Вот как обстояло дело с поступлением его в консерваторию.
Но Лауро Контарди ничего этого не знал и знать не мог. Знали об этом только маэстро Провези и Антонио Барецци. Фердинанду Провези написал обо всем старик Ролла. Описал во всех подробностях, как происходил экзамен, и прислал копии с некоторых имевших отношение к делу документов. Прислал копию с отзыва экзаменационной комиссии, копию с доклада Базили директору консерватории графу Сормани Андреани, прислал даже копию с приказа, подписанного австрийским генерал-губернатором Милана, графом Францем фон Гартигом.
А Провези показал все это — письмо и документы — синьору Антонио. И в Буссето только они, маэстро Провези и синьор Антонио, знали правду о том, как Джузеппе Верди не был принят в консерваторию.

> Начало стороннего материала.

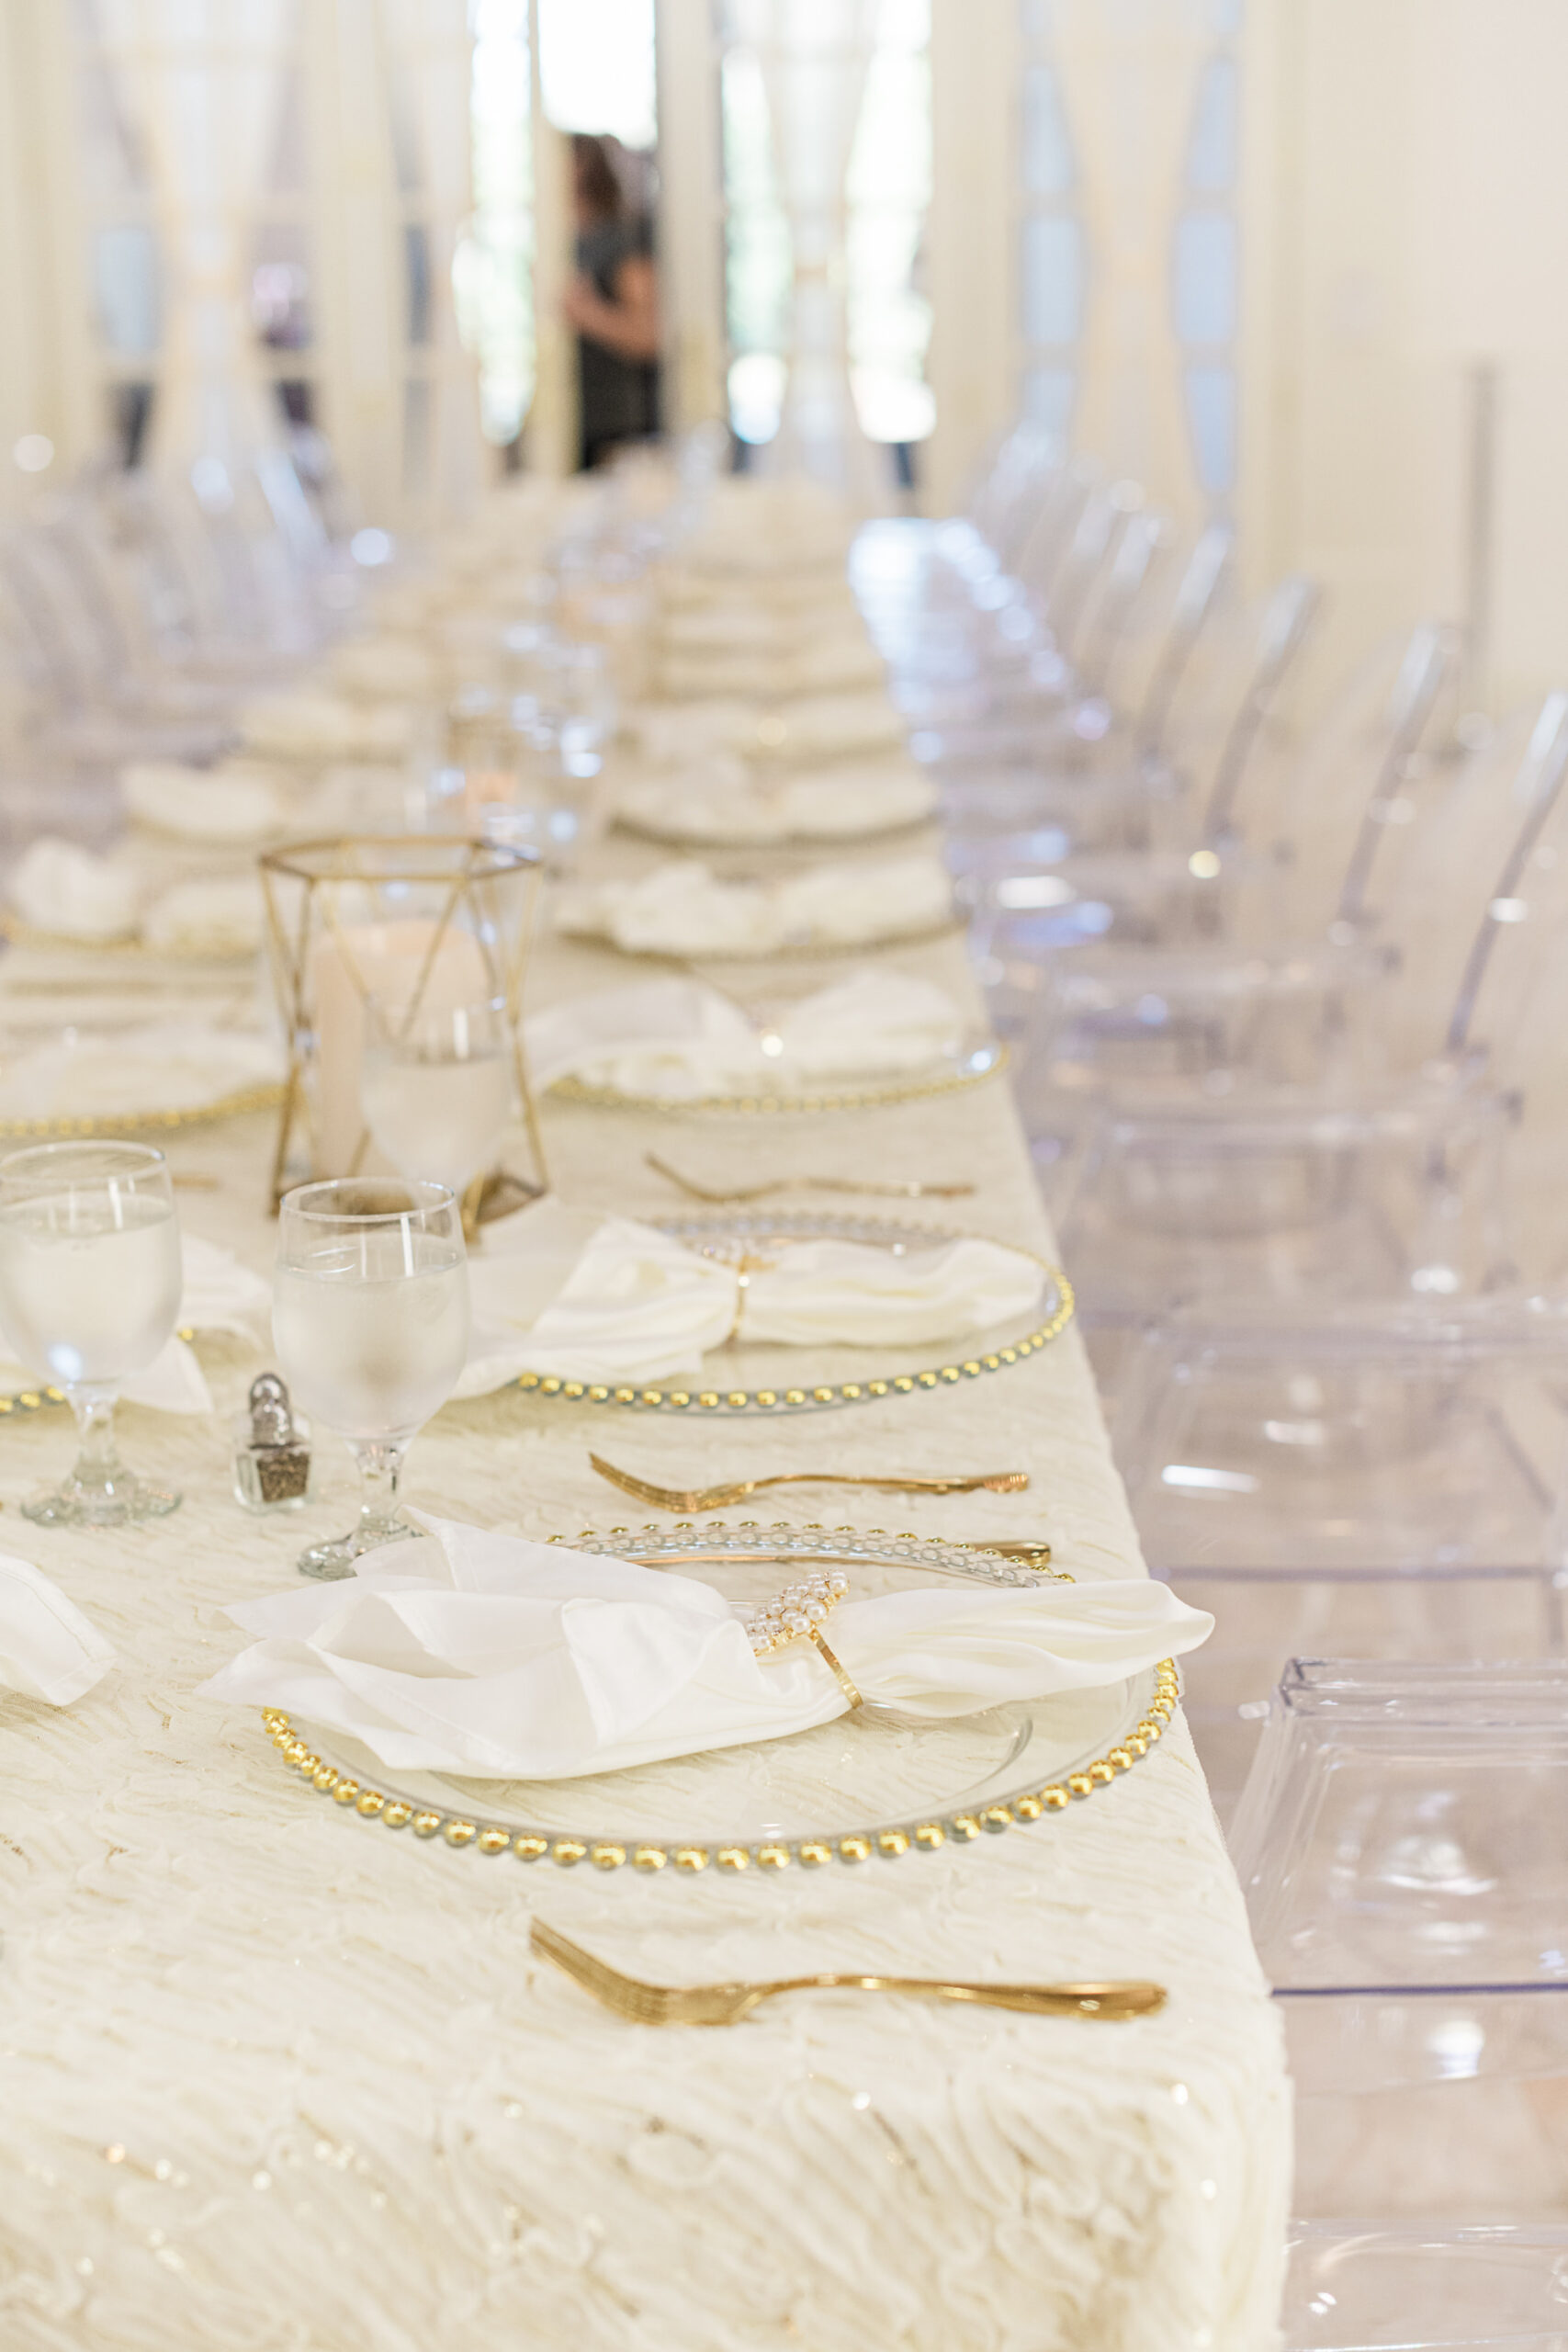 Elegant Long Feasting Tables with White Linens and Ghost Chairs Decor Inspiration | Gold Beveled Glass Chargers and Geometric Votives | Pearl Napkin Rings | Tampa Bay Outside the Box Rentals | Wedding Venue Whitehurst Gallery

А остальные горожане, жители Буссето, ничего толком не знали, и слухи о неудачной попытке молодого Верди поступить в Миланскую высшую музыкальную школу ходили самые противоречивые. Определенно известно было только одно: Верди в консерваторию не принят, но остается в Милане и будет заниматься частным образом у Винченцо Лавиньи, концертмейстера театра Ла Скала. Об этом говорили все. Знал это и Лауро Контарди. Но в то время как другие принимали неудачу, постигшую молодого Верди, как нечто уже совершившееся и потому непоправимое, как нечто, к чему бессмысленно возвращаться, Лауро не сдавался и все старался разгадать смысл происшествия, которое казалось ему таинственным и наводящим на самые печальные размышления. Но потом и он успокоился и даже хитро ухмылялся в бороду. Он был уверен, что нашел разгадку нелепого факта. Не сумели распознать подлинного дарования миланские чиновники. Именно «чиновники». Другого названия для них не придумать. Кто они такие, эти экзаменаторы? Чиновники, конечно, а не музыканты. Да еще чиновники, состоящие на службе у австрийского начальства. Что могли они расслышать и понять в музыке молодого Верди?
Зато как ликовал Контарди, когда первая опера Джузеппе «Оберто, граф ди Сан Бонифаччо» была поставлена на сцене театра Ла Скала. Это было победой, и Лауро счел эту победу счастливым предзнаменованием для будущности молодого композитора. Опера имела успех. Лауро Контарди отметил это в своем дневнике. И на этот раз он не ограничился одной лаконичной записью. Он переписал в дневник все выдержки из миланских газет и журналов, в которых хвалили оперу Джузеппе. И он ждал дальнейшего развития событий. Он знал, что импресарио Мерелли, знаменитый и всесильный Мерелли, заключил с Верди контракт на три оперы. Знал, что Джузеппе уже начал писать…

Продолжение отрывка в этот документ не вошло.